To point out something even more obvious to where people will overlook it, of course "language models" will resemble humans because it's based on the language models of humans. Hypothetically create an AI based on cat communication methods and see if it seems human in any way.
Aella's also making another logical error here (ironic for a rationalist to make so many) that's also pretty obvious. She's expecting machines to be different when she has no evidence they should be different. Especially in regards to machines created by humans in which the interaction with humans is of prime concern and value to the people creating them to where this is almost required as an inherent feature. I had to make the above cat AI hypothetical because there's a natural problem with a human creating a machine that cannot be understood by humans. It's nice to think we understand cats but ultimately we do not because no human has experienced being a cat to know how correct the understanding is to a cat. (Especially not otherkin.)
You'd think a rationalist (and a libertarian one at that) would be much more skeptical of basic premises and presumptions, especially those that are common narratives but may not have any underlying foundation or direct evidence to support them. Instead Aella almost seems like another dumb chick on Twitter sperging her ignorance everywhere. This obviously can't be the case but I can see why some might be misled and therefore belittle her significant scientific achievements.
You're spot on, and to add a little bit, language models like ChatGPT are even more uncanny valley than a lot of other machine learning applications. I don't do any research, and I haven't worked on language models, but I have enough background to read academic papers and I do for work sometimes. So, I know enough to sperg about how dumb her statement is.
Think about an image recognition model. That makes a lot more intuitive sense for a computer to handle. When a dumb gay captcha asks you to click off a bunch of crosswalks, it's not that too tough to describe how a computer program checks that you clicked the crosswalks: it does some normalization/preprocessing to the image, and when that image is reasonably clear, they know that a crosswalk will have a very specific shape and patterns in its coloration, stuff like that.
Even for more complicated image recognition tasks, like recognizing if a cat or a dog is in a picture, it still makes sense. We know that a cat's eyes should be about so big in relation to its face, it should have two ears, and those should have a certain shape and be in a certain place relative to the eyes and the nose and so on. It's pretty easy to understand the broad strokes of a cat-recognizing program would be made. It's way tougher to make that program, but you could explain how it works to a 5 year old.
All of that makes sense because pictures have a really straightforward way to be stored/represented in computers; just a big matrix of RGB (or grayscale or whatever, but who gives a shit about that) numbers.
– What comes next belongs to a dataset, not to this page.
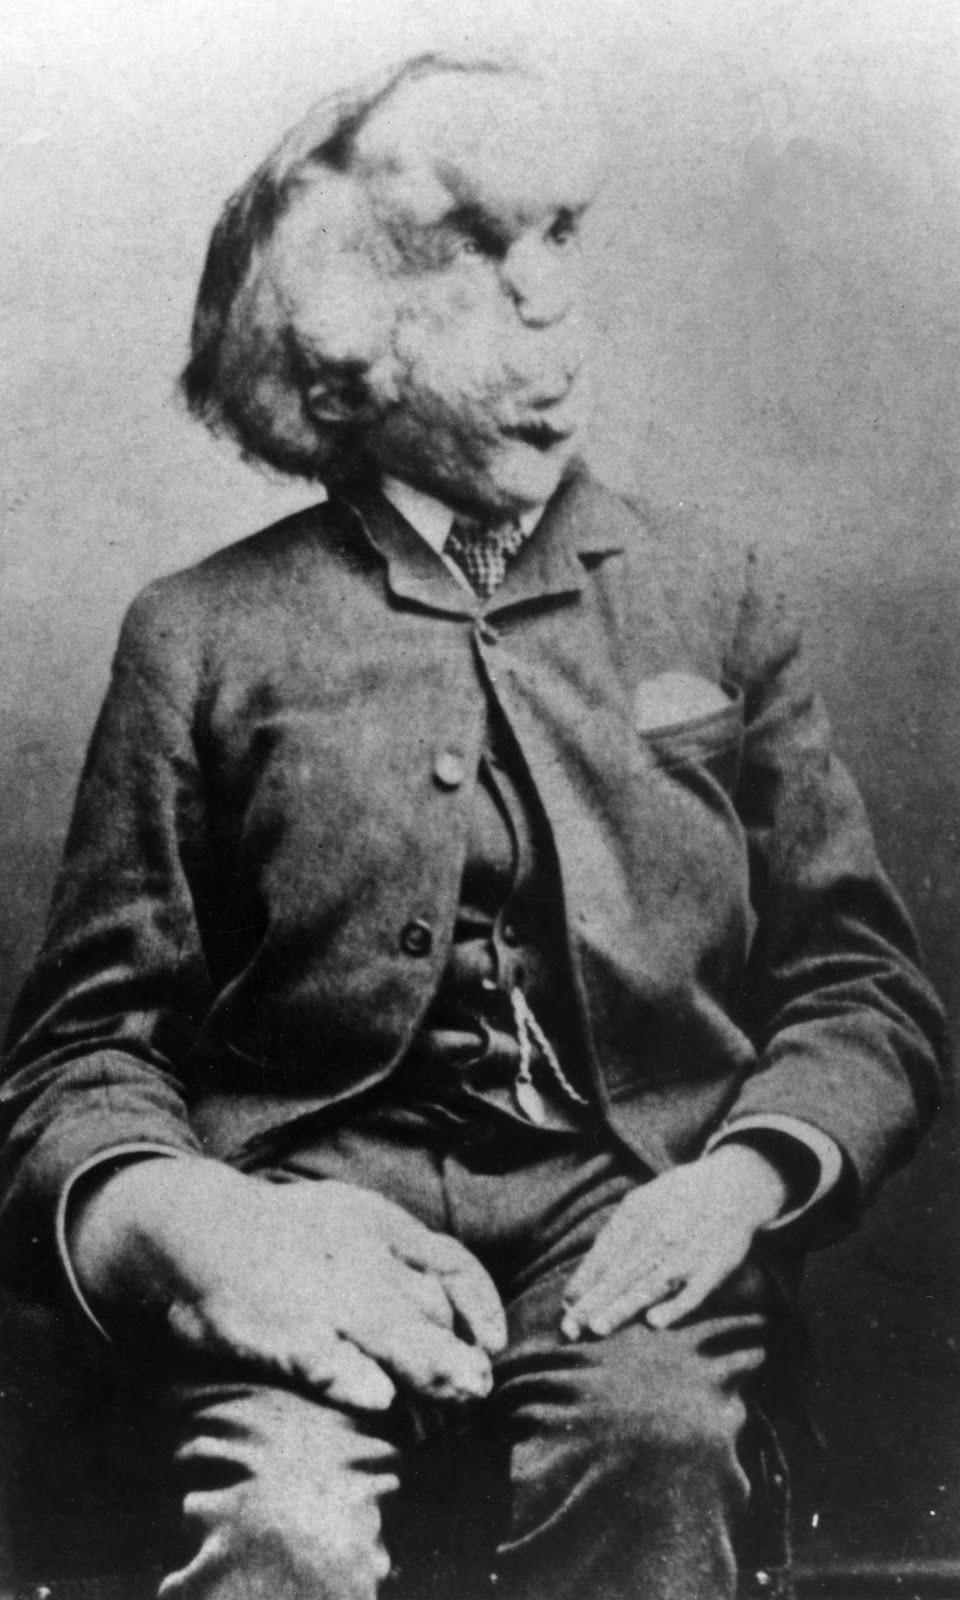 Joseph Merrick carte de visite photo, c. 1889

So when they teach neural networks and deep learning, there's simple enough ways to show which part of the neural net recognizes a cat's ears, which part recognizes the tail and whiskers, and so on. For commercial applications, explainability is often pretty important. Computers work with numbers, at the most primitive level for a computer, everything's all 0s and 1s, high voltage or low/no voltage. All the stuff in those last couple paragraphs applies to video and audio too too, optics and acoustics are really old and well understood fields of physics AFAIK.
But for language, there isn't as straightforward of a way to present words and sentences to a computer as there is for images. You may want similar words/phrases to be numerically close to each other, but when it sees "dog", it needs to understand the context. And what about sarcasm, or a dozen other different things? Humans are pretty unique in having language skills, and there's a ton of work that's been done in making computer language models more sophisticated, and that work is legitimately impressive. But again, it all boils down to numbers. So, what ChatGPT is doing is way different from how people develop and understand language.
I mean, ChatGPT is genuinely neat and fun to play around with. The progress that's been made over the iterations of the GPT model is really impressive. But claiming it works similarly to the human brain is just so fucking retarded.